After 100 days the picture that has emerged is that of a prime minister who is still much too preoccupied with consolidating his position to focus on much-needed structural and institutional reforms. 

He knows he is vulnerable. He does not enjoy strong Malay support. His reliance on UMNO is not without risks. Limiting the profile of the DAP in his government has not saved him from the usual racist accusations. Things may be relatively calm on the surface but underneath there’s deep political turmoil.

Under the circumstances, Anwar has had to move cautiously particularly on issues impinging on race and religion which could be quickly weaponised against him. Memories of the way the ICERD and ICC were quickly turned into near-extinction level events by a Malay-dominated opposition are still fresh.

No surprise then that the Anwar administration quickly ruled out reform of the civil service, backpaddled on the issue of repealing anti-democratic legislation (SOSMA, UUCA, CMA) and stayed away from the minefield that is education reform. 

Even on the issue of better race relations – one of his signature issues – Anwar has been nothing but ambivalent; giving great speeches on inclusiveness and tolerance while staying well clear of all the racial and religious controversies that surfaced in his first 100 days. 

With his ability to manoeuvre constrained, Anwar seems to have used first 100 days to focus on helping voters cope with rising living costs, by far the number one political issue today. At the same time, he has gone big on fighting corruption and introducing measures to curb the theft and wastage of government funds. 

Efforts at tackling rising living costs have been less than spectacular. Gimmicks like RM5 meals, free tampons and the proposal to tap into EPF savings for collateral only serve to highlight the absence of imaginative solutions. Dismantling the monopoly system – which Anwar has criticised – might help, but that too might be a can of worms.  

Whatever it is, people are facing real hardship; anger is growing. If the government doesn’t come up with better measures to lessen the people’s burden, it could lose the mostly Malay B40 vote in crucial state elections later this year.

The results of Anwar’s war on corruption in his first 100 days is also mixed at best. He has done nothing to restore faith in the MACC, the key agency in the fight against corruption. And neither has he moved to replace the MACC chief who has little credibility in the eyes of the public. 

With the MACC no longer seen as impartial and independent, its actions will automatically be viewed with suspicion. Furthermore, when charges are brought against former prime minister Muhyiddin Yassin in less than 100 days while investigations into the LCS scandal – rumoured to involve some of those now in government – continue to languish after more than 1000 days, people are bound to wonder.
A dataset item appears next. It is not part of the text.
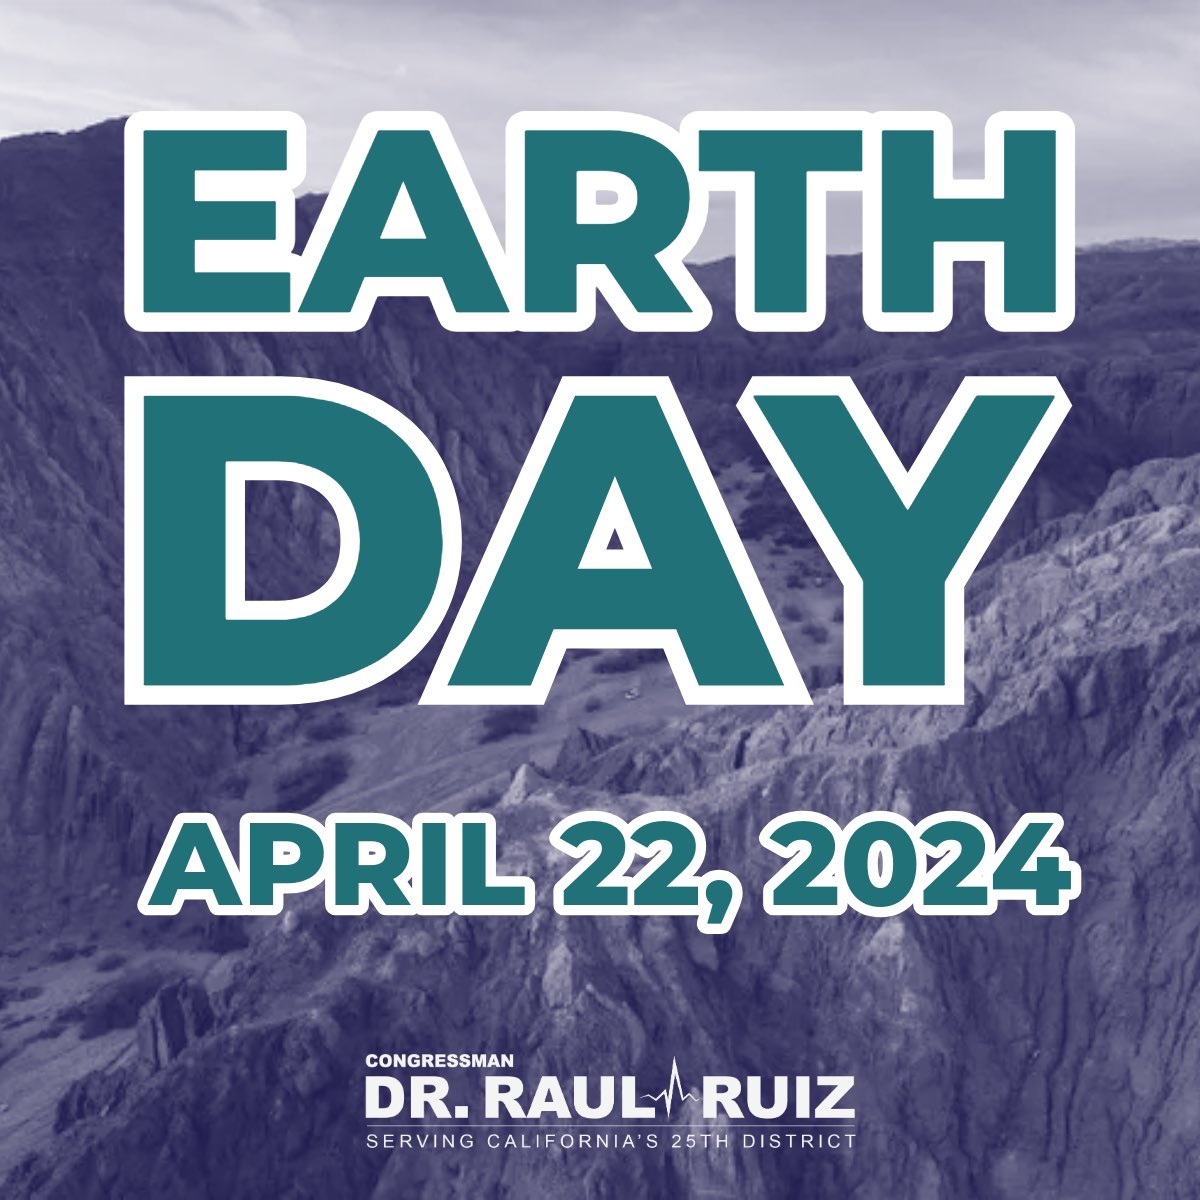 Today, on #EarthDay, we reaffirm our dedication to the environment.   This year, I am championing the creation of the Chuckwalla National Monument in the California Desert, a testament to our commitment to preserving our natural treasures. #ChuckwallaNationalMonument

Of course, Muhyiddin should be charged if evidence of wrong-doing is there but perceptions of impartiality are important too. With the opposition now alleging selective prosecution, the government could face a backlash. 

While the lack of progress on reform in Anwar’s first 100 days may be excused away by the adverse political circumstances, some of his other decisions are harder to accept.

In his first 100 days, apart from appointing a man facing multiple criminal charges as deputy prime minister, he appointed his daughter senior adviser on economics and finance (she resigned following a public outcry), made a controversial and race-baiting former UMNO minister ambassador to Washington, put a PKR politician as chairman of a wholly-owned MOF subsidiary and another as chairman of the Companies Commission of Malaysia and handed the chairmanships of both MARA and FELCRA to UMNO cronies.

It’s hard to square such appointments with Pakatan Harapan’s self-righteous indignation when previous governments did the same. In this one area at least, Anwar could have lived up to his promises; that he did not will lead to questions about his sincerity.

It hasn’t helped either that human rights activists, artists and filmmakers, and government critics continue to be investigated and harassed. Even a peaceful march pressing for the rights of women is being probed. And why Anwar would lend support to UMNO’s continuing vendetta against former attorney-general Tommy Thomas is puzzling too.

Yes, it’s only 100 days but 100 days can be a long time in politics. Voters  are restless, suspicious and impatient; the ground may already be shifting. Time may not be on the Anwar’s side. If the Malay vote swings behind Perikatan Nasional in the upcoming state elections, a very messy and turbulent period could follow.

In his recent budget speech, Anwar asked with his usual rhetorical flourish “whether there is political will to effect change”. It is a question that Anwar himself must answer to the satisfaction of voters.